We highlight the inherent conceptual problem in posterior sampling for image restoration. We examine the source of the problem and propose different ways to obtain more meaningfully diverse restorations, as confirmed by an extensive user study.

摘要

关键词
Image restorationDiverse image restorationInverse problemsPosterior samplingMeaningful diversity

评审与讨论

审稿意见
8

The current trend in image restoration methods involves sampling multiple outputs from the posterior distribution rather than generating a single one. This paper has highlighted a fundamental limitation of posterior sampling, specifically in generating semantically distinct possibilities using a reasonably small number of samples. This limitation arises from the heavy-tailed nature of the posterior distribution along semantically relevant directions. As a solution, the paper suggests creating compositions of small but meaningfully diverse outputs. The study also delves into a comprehensive examination of what constitutes a set of reconstructions that are meaningfully diverse. To achieve this, the paper explores various post-processing approaches, including Uniformization, K-Means Centers, and Farthest Point Strategy, to obtain semantically meaningful and diverse outputs using existing image restoration methods. Furthermore, the paper introduces a practical approach for enabling diffusion-based image restoration methods to produce outputs that are meaningfully diverse. The effectiveness of these methods is validated through quantitative measures and user studies, demonstrating their superiority over conventional posterior sampling techniques.

优点

  • identify an inherent conceptual issue with posterior sampling and elucidate the root cause of this problem
  • conduct an analysis to determine the criteria for meaningful diversity. This analysis involves an exploration of three fundamental strategies for diverse sub-sampling.
  • introduce a novel diffusion-based generation strategy, which offers a practical means to achieve restoration results that are meaningfully diverse.

缺点

None

问题

I have some concerns while reviewing the main paper, but they have been addressed in the supplementary material.
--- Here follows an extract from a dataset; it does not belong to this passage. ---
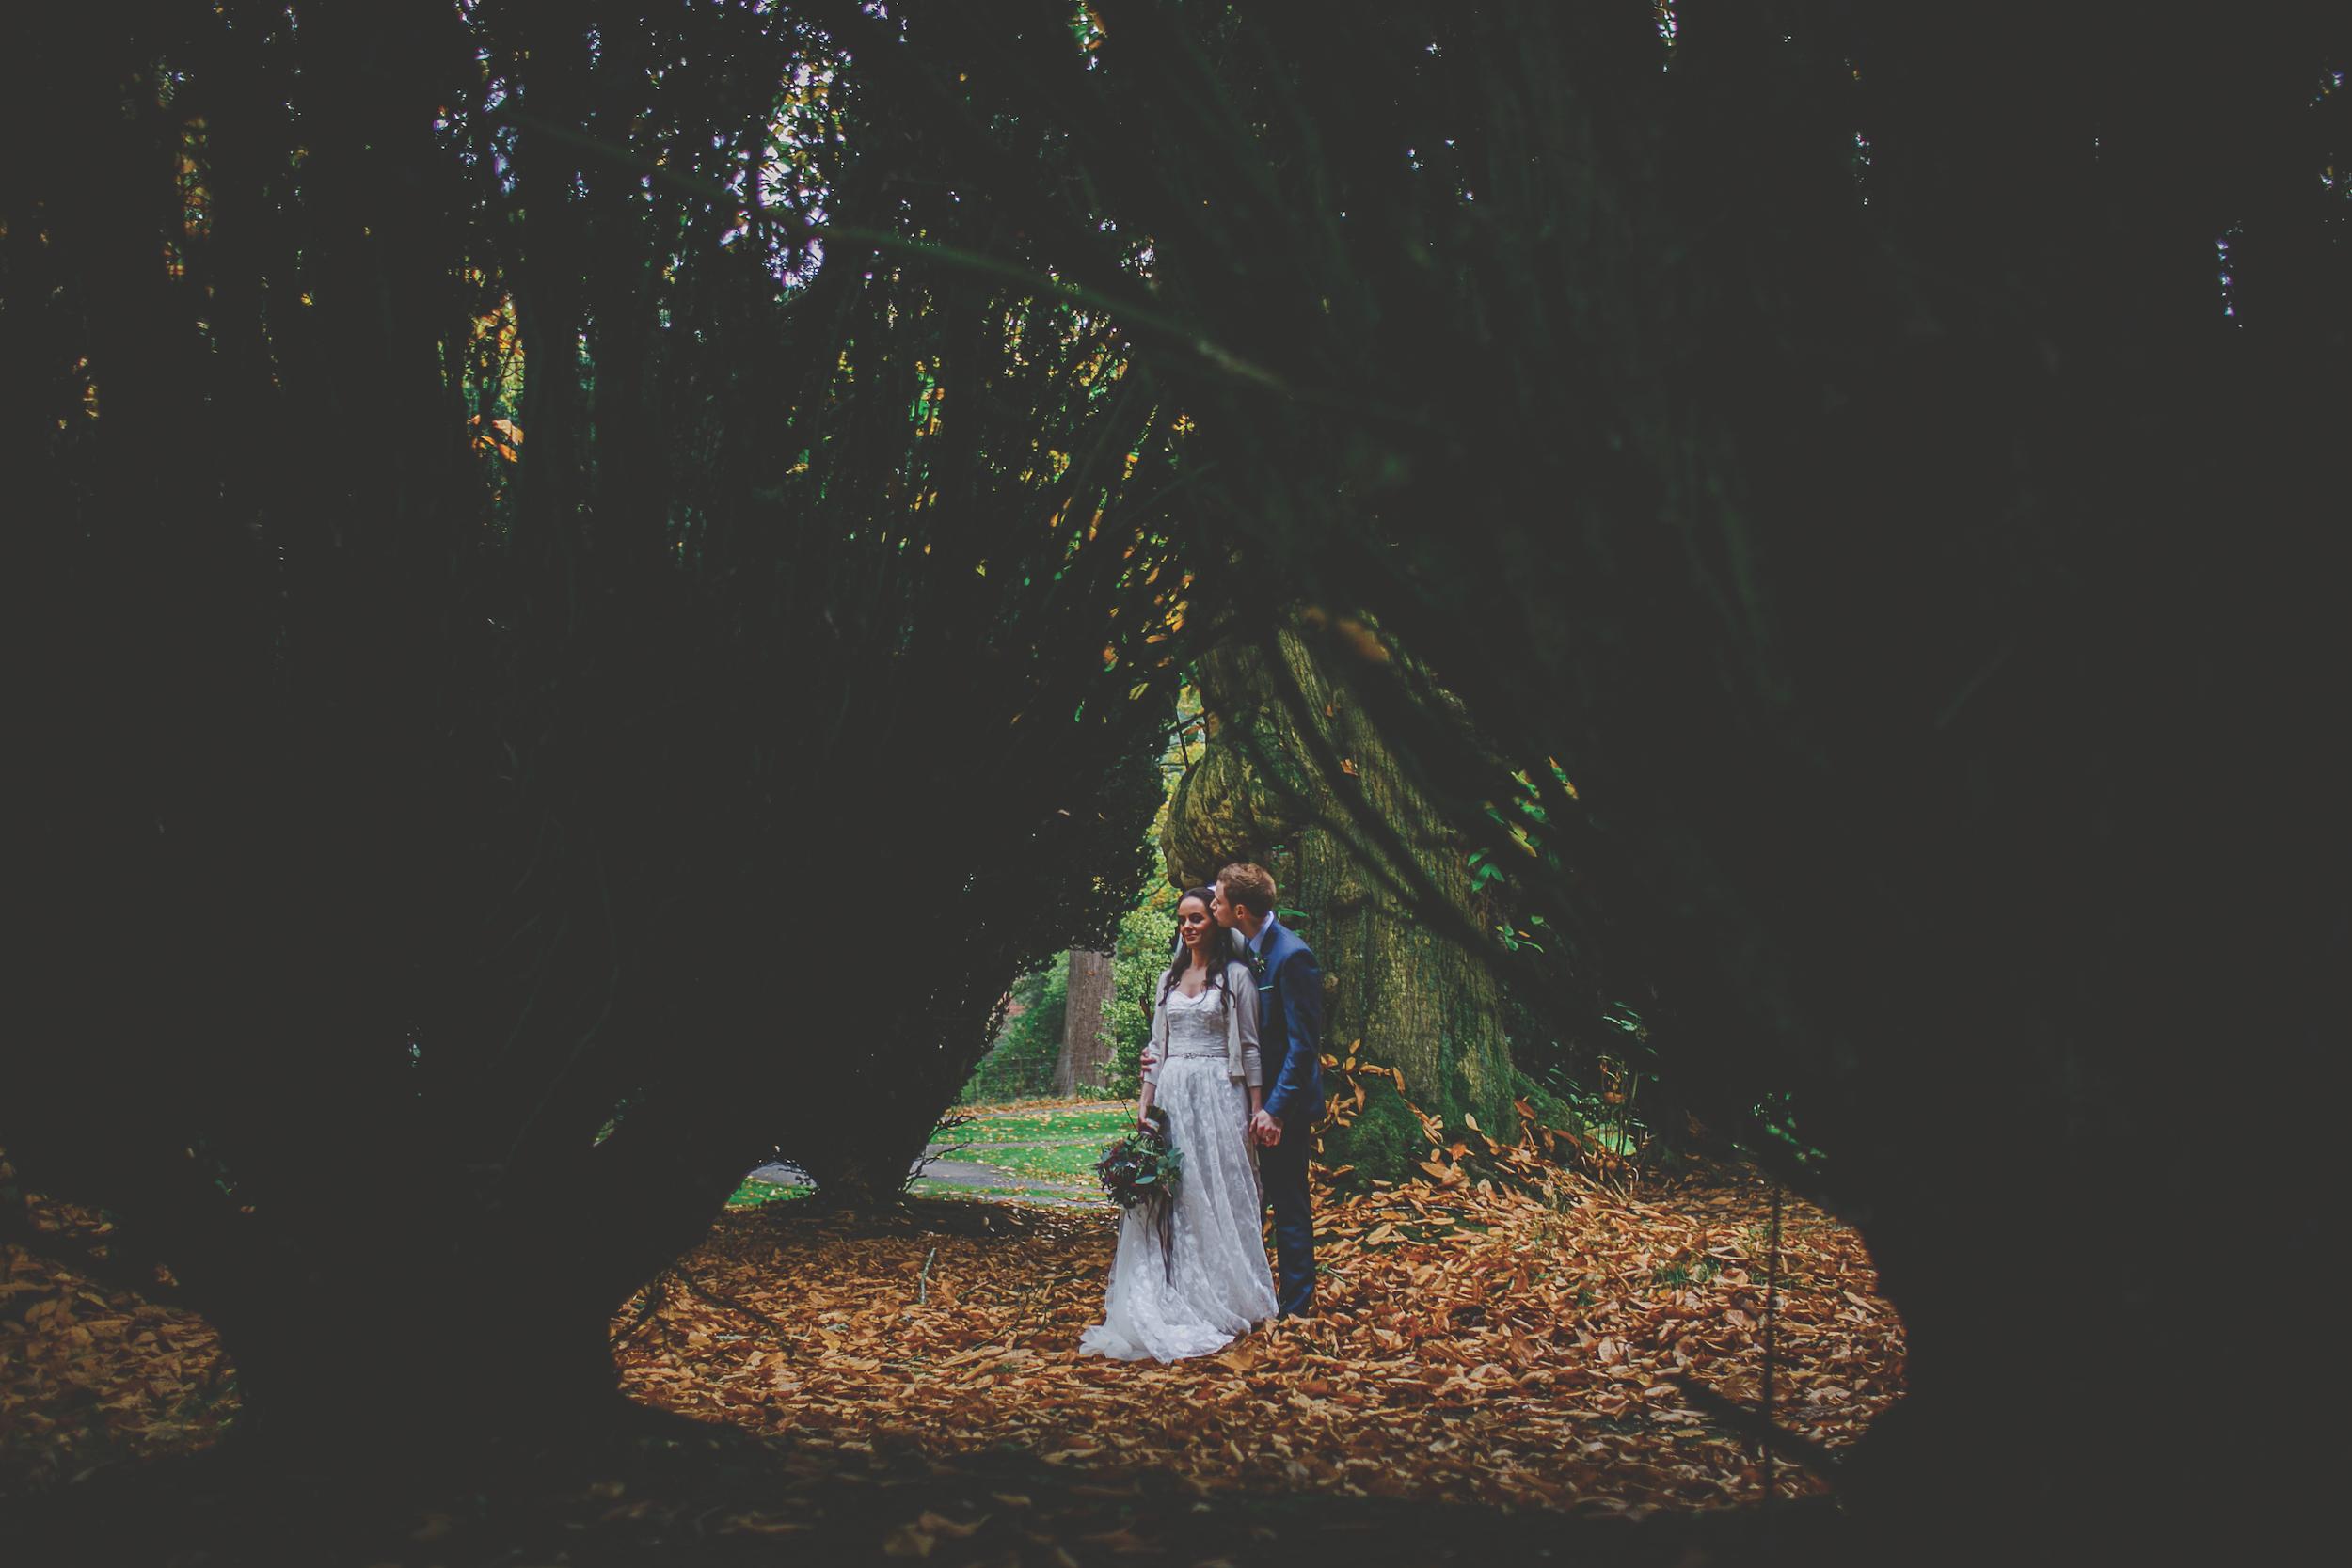 gather_and_tides_wedding_photographer_larchfield_autumn_northern_ireland_Wedding_inspire_Weddings_7.jpeg
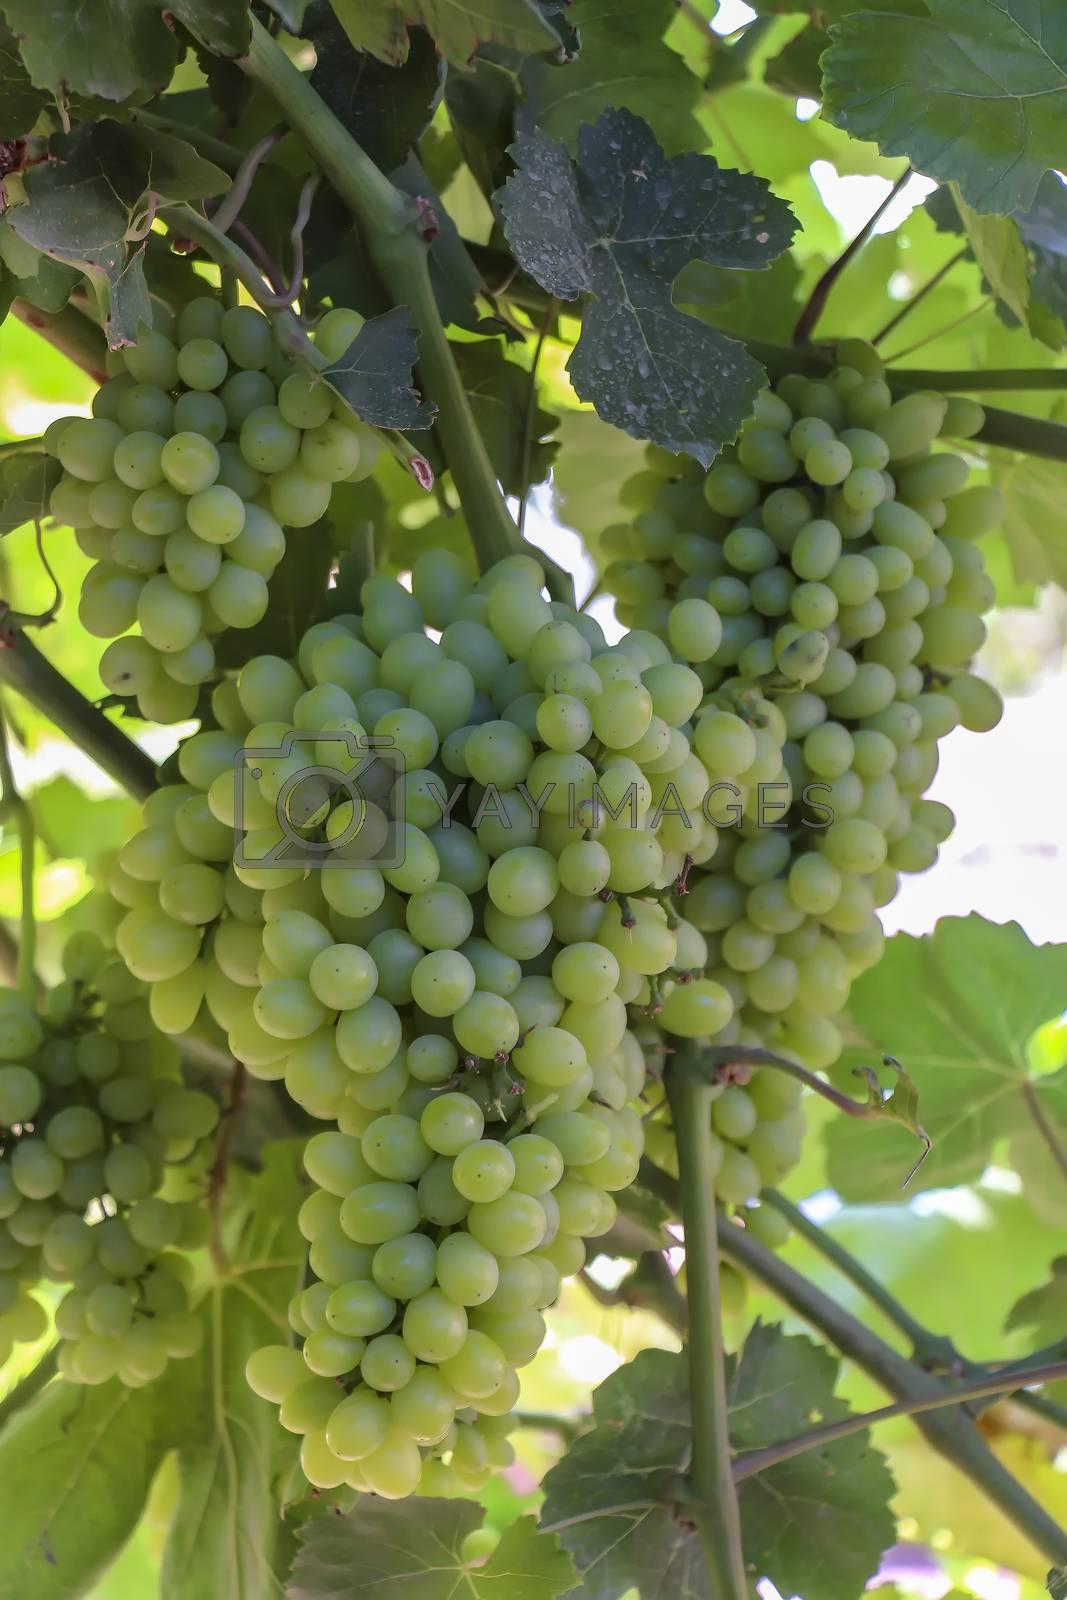 Unripe grapes hanging from the trellises on Qingnian Lu, Turpan, Xinjiang

A suggestion for the authors: The discussion on future work could be expanded, e.g., what specific desired variations can be for potential research in the field? This would provide more clarity and guidance for researchers interested in pursuing further work in this area.

评论

Thank you for your positive feedback. We believe there exist several interesting directions for future research. In particular, in this paper we investigate general meaningful diversity, which focuses on exploring different kinds of diversity at once. For example, in the context of restoration of face images, we aim for our representative set to cover diverse face structures, glasses, makeup, etc. However, for certain applications it can be desirable to reflect the diversity for a specific property, e.g. covering multiple types of facial hair and accessories while keeping the identity fixed, or covering multiple identities while keeping the facial expression fixed. The ability to achieve diversity in only specific attributes can potentially be important in e.g. the medical domain, for example to allow a radiologist to view a range of plausible pathological interpretations for a specific tumor in a CT scan, or to present a forensic investigator with a representative subset of headwear that are consistent with a low quality surveillance camera footage.
We included this in the revised manuscript.

评论

Thank you for your response. I will keep the rating.

审稿意见
6

This paper is concerned with generating diverse solutions to ill-posed image restoration problems. Usual random sampling from the heavy tailed posterior distribution will have samples from high density regions with a much higher probability than from low density regions, making it an impractical approach to generate diverse solutions from limited samples. Given a large number of samples from posterior, the paper explores three approaches to extract limited number of samples representing meaningful diversity. Further, the paper proposes a simple guidance mechanism to improve diversity of solutions. This involves running the diffusion process to simultaneously generate multiple images starting from different noise samples, and encouraging dissimilarity between estimates of clean images at every step. This guidance improves diversity of solutions of recent diffusion based restoration methods while maintaining reconstruction quality.

优点

The paper is well motivated and well-written.

The proposed technique is simple and straightforward to implement and the work is reproducible.

The proposed method improves the diversity of solutions.

缺点

The observation that random sampling leads to limited diversity for long tailed distributions was also noted in [a] in the context of image generation. [a] also proposes to modify the sampling process in diffusion models to generate samples from low density regions of a long tailed distribution. Though the focus in [a] is on generation, and not restoration, it is still a relevant work, and could be cited by the authors.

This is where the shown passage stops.